▶ **Provided material**:
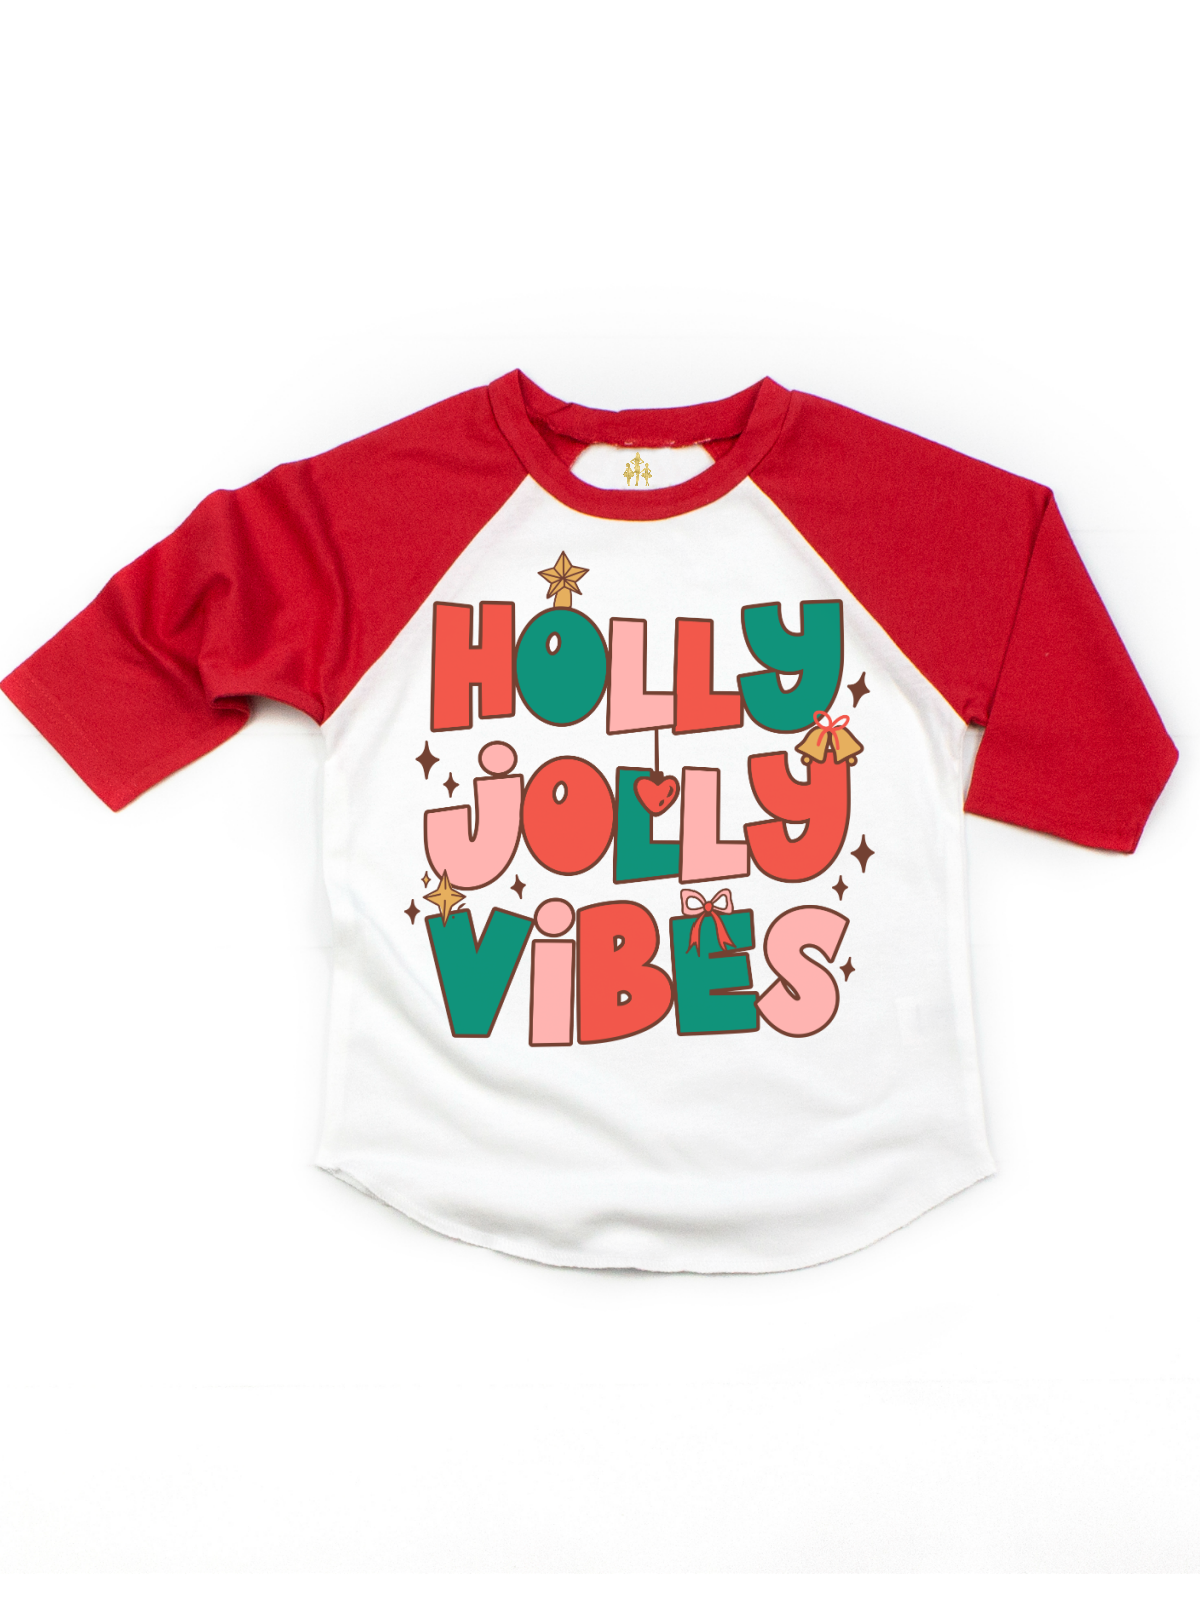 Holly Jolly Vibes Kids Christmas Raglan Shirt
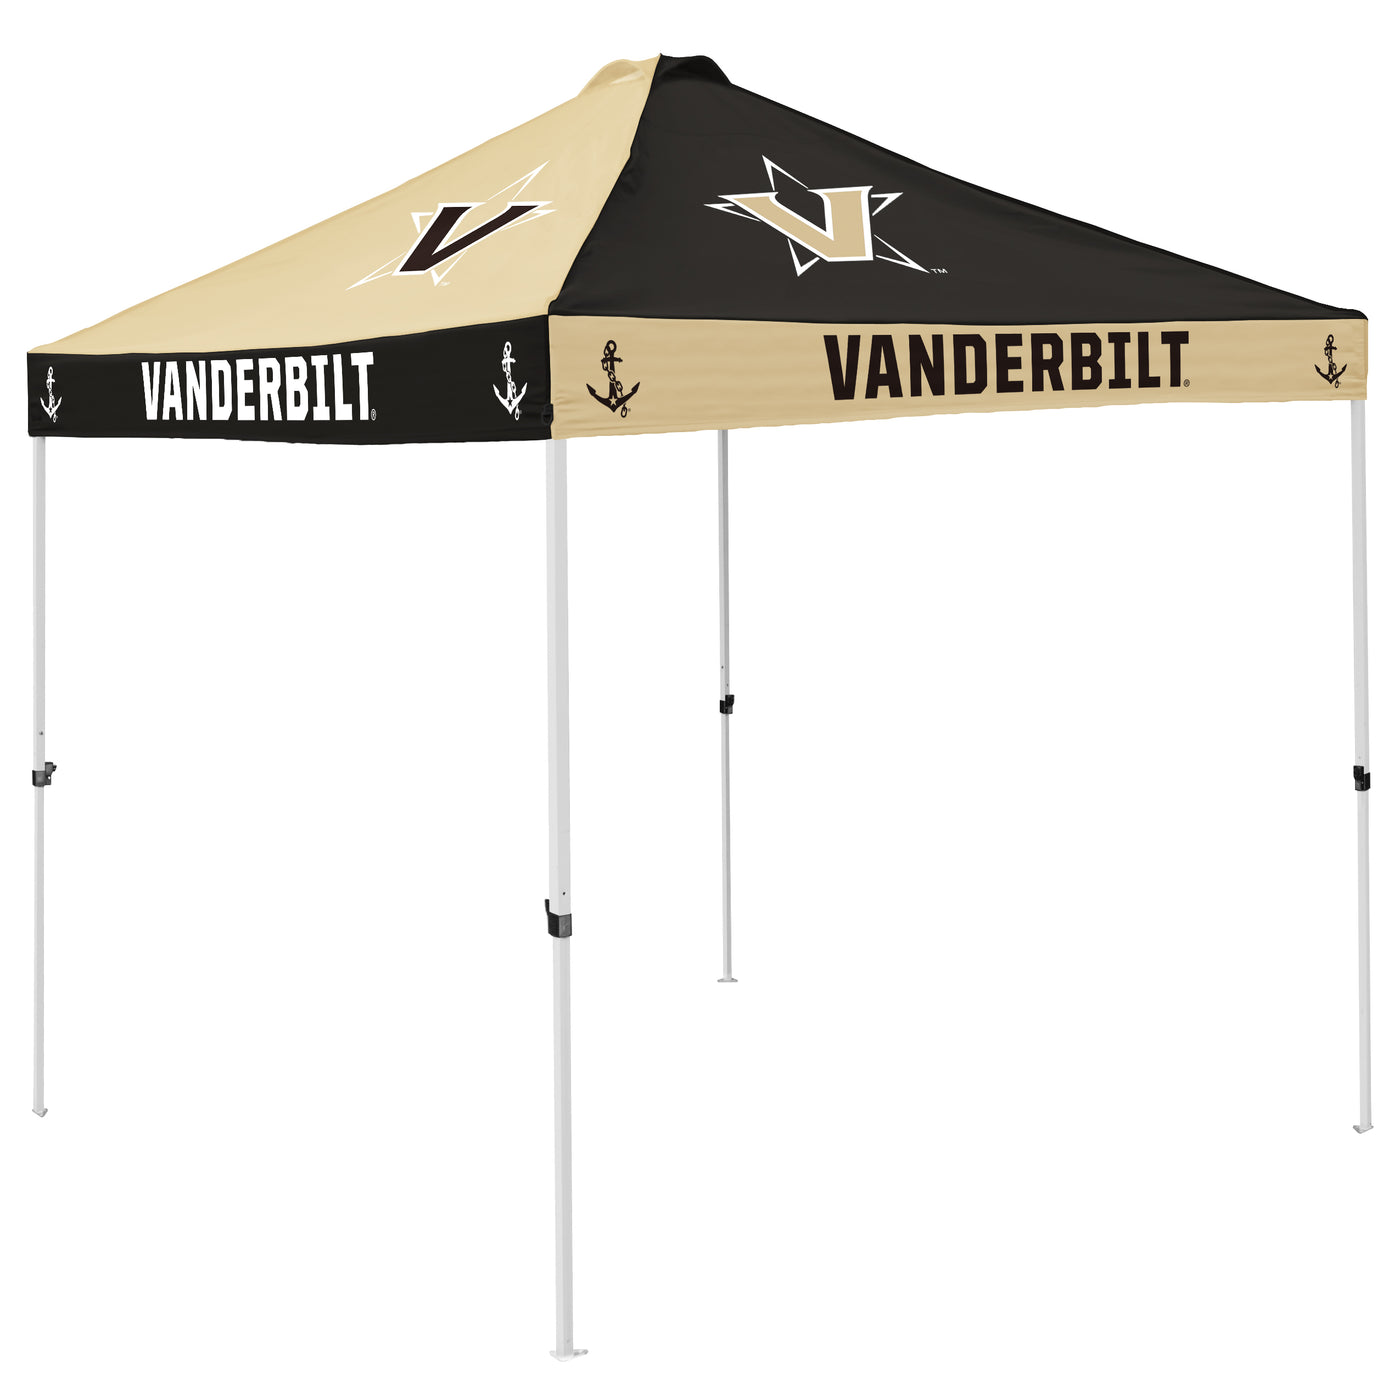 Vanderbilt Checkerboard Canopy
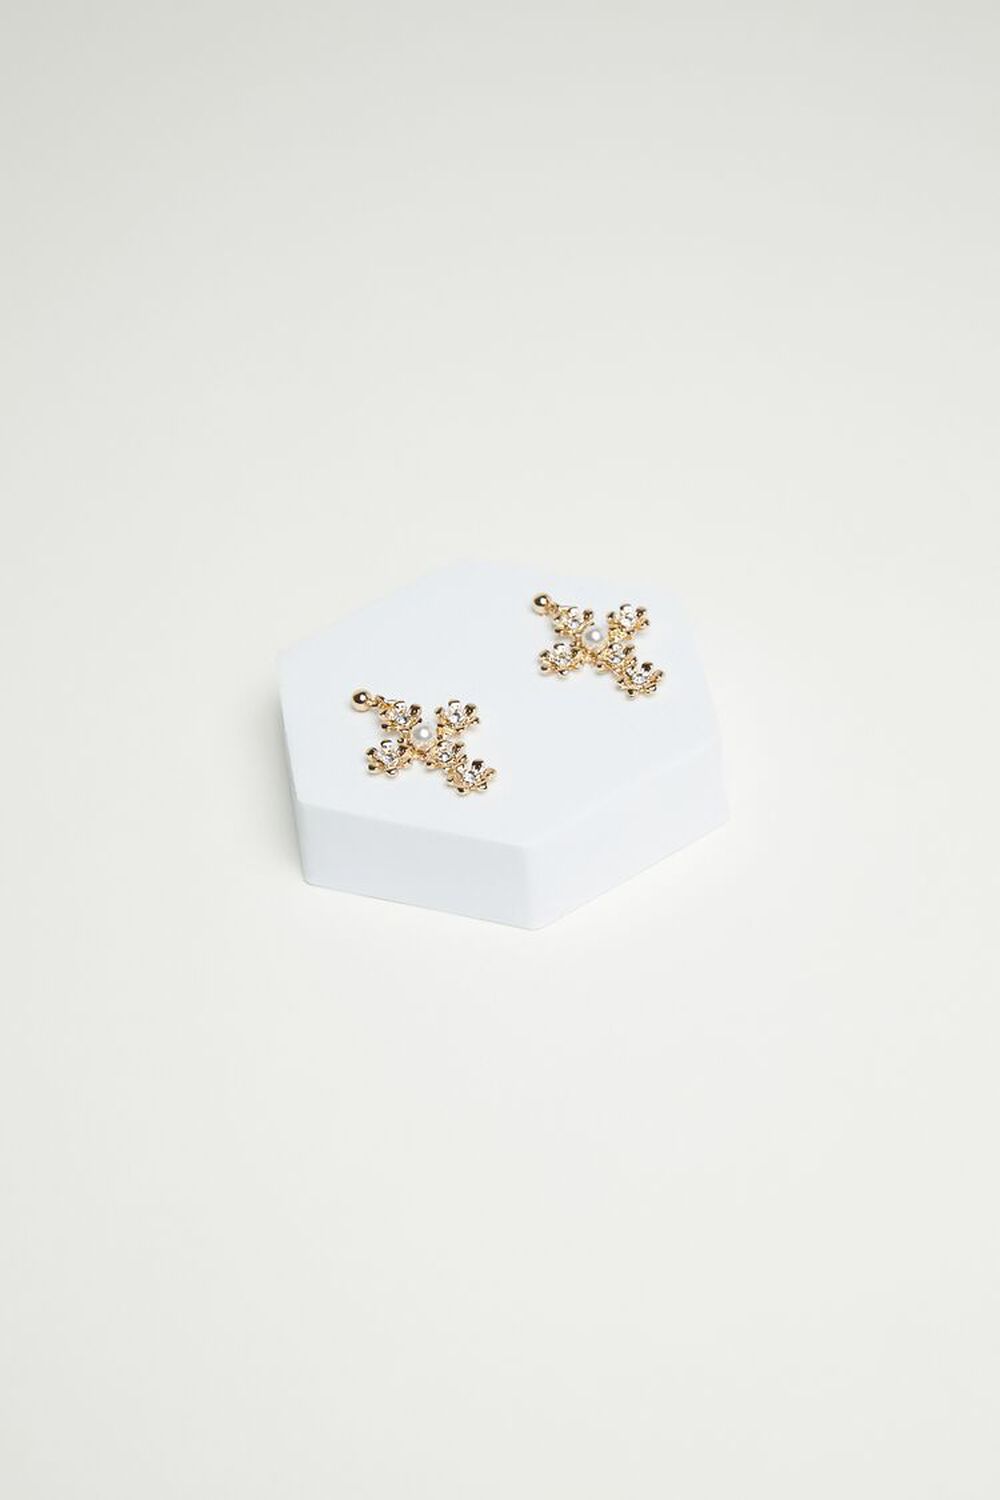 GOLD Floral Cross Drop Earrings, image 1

▶ **Instructions for the task**: Working from the listing above, retype it exactly but include no images.

▶ **Result for this task**:
 Holly Jolly Vibes Kids Christmas Raglan Shirt
 Vanderbilt Checkerboard Canopy
 GOLD Floral Cross Drop Earrings, image 1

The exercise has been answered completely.